Given material
┄┄┄┄┄┄

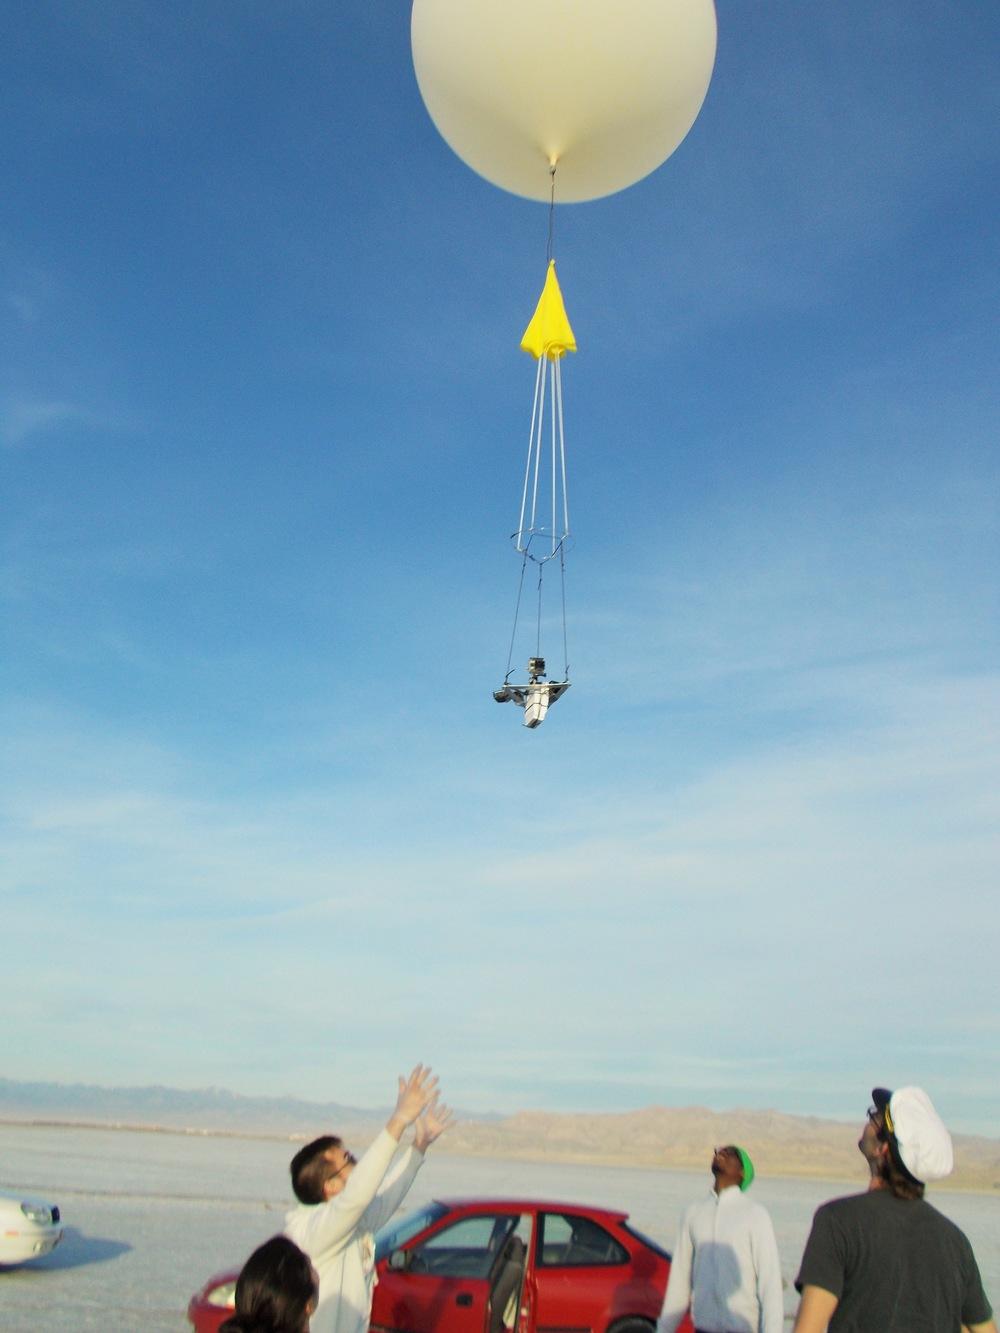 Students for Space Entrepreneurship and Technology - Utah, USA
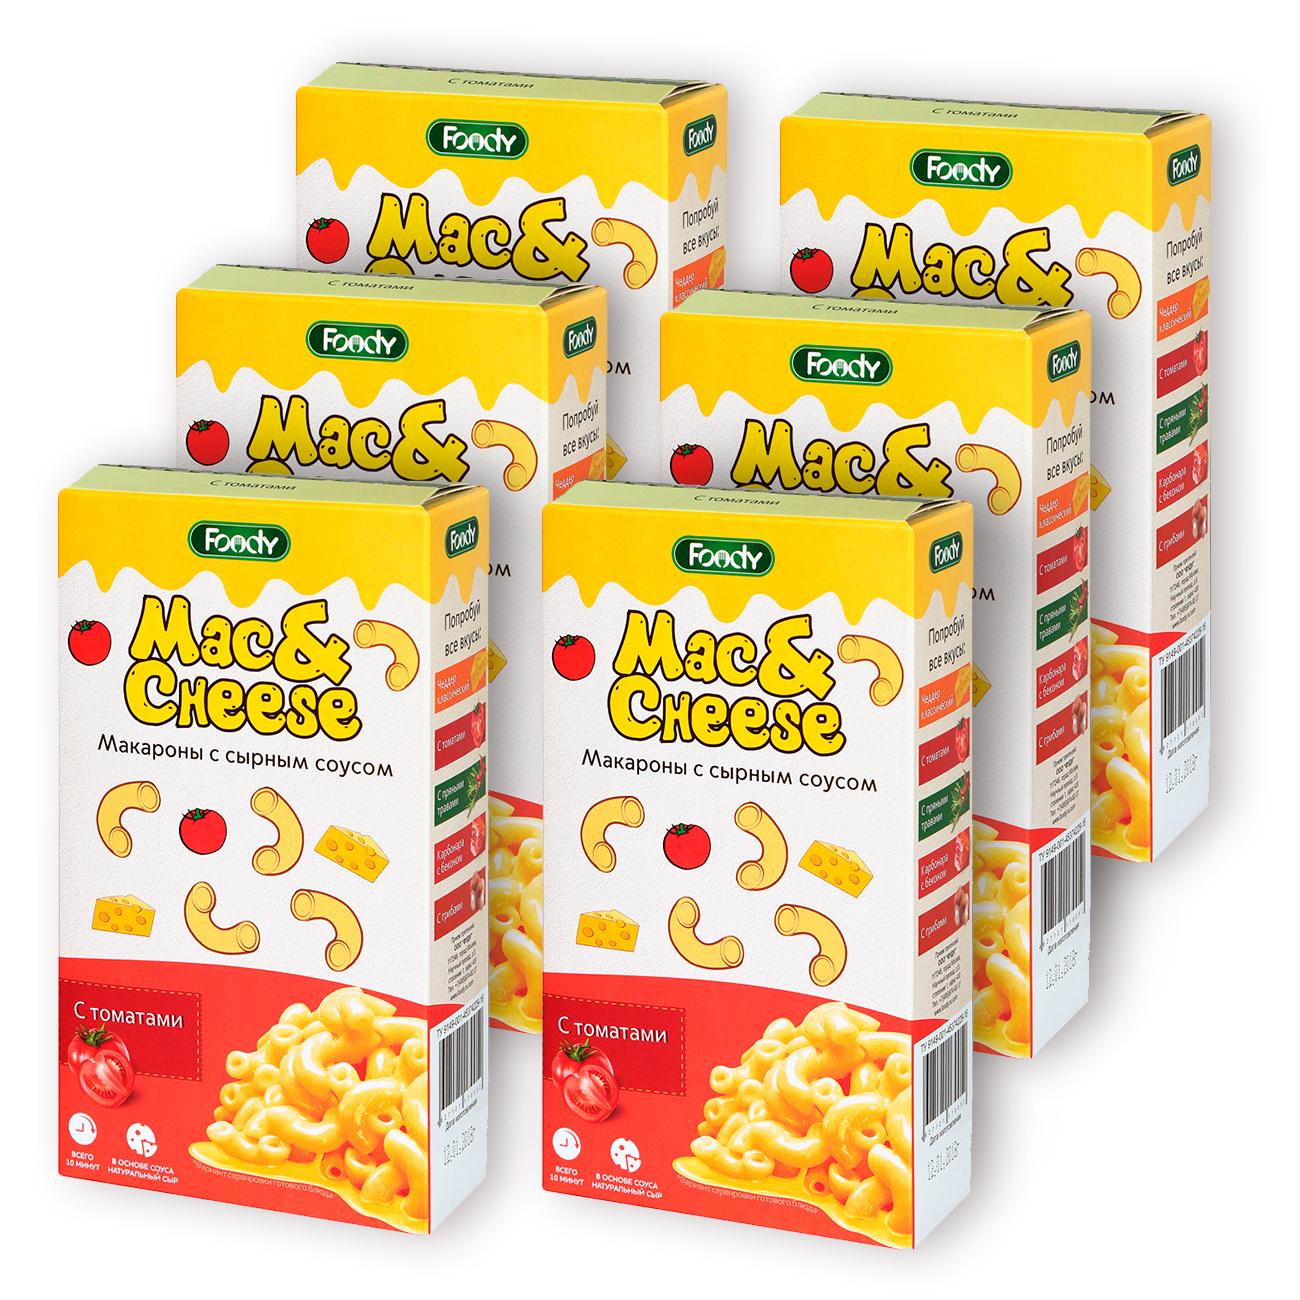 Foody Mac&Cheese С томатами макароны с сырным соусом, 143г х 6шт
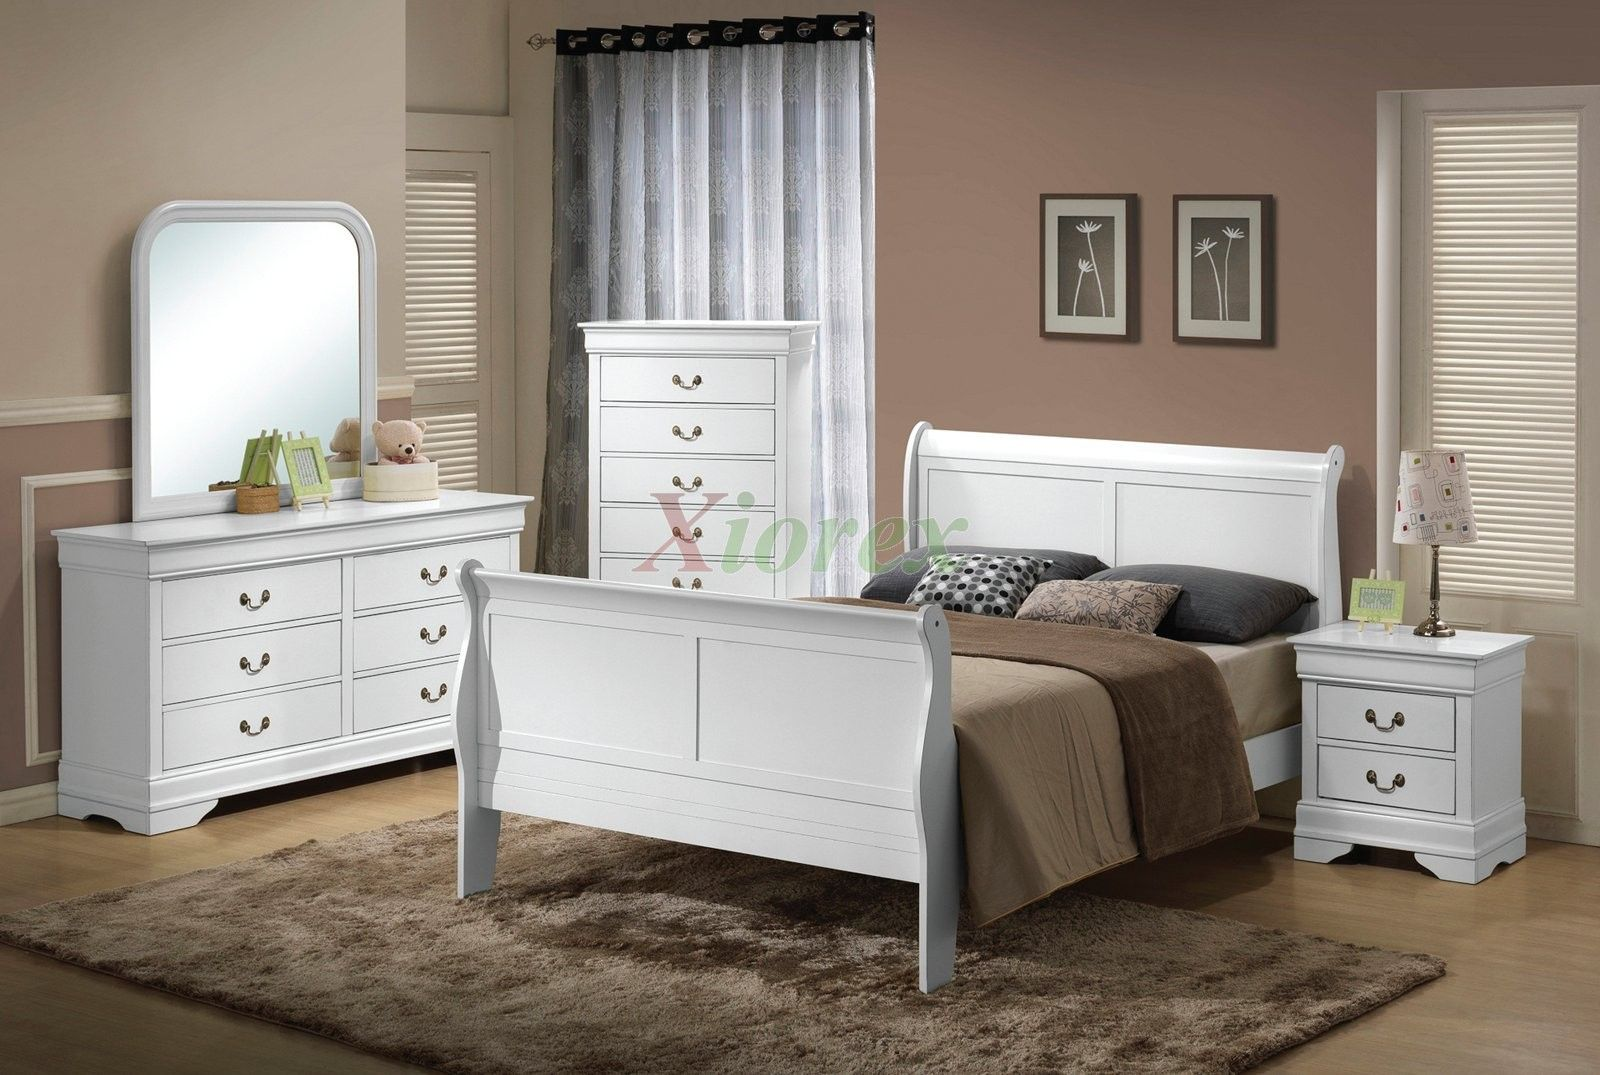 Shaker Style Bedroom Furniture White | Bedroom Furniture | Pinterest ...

┄┄┄┄┄┄

Your objective
The listing above should be returned word for word, with pictures omitted.

Written solution
 Students for Space Entrepreneurship and Technology - Utah, USA
 Foody Mac&Cheese С томатами макароны с сырным соусом, 143г х 6шт
 Shaker Style Bedroom Furniture White | Bedroom Furniture | Pinterest ...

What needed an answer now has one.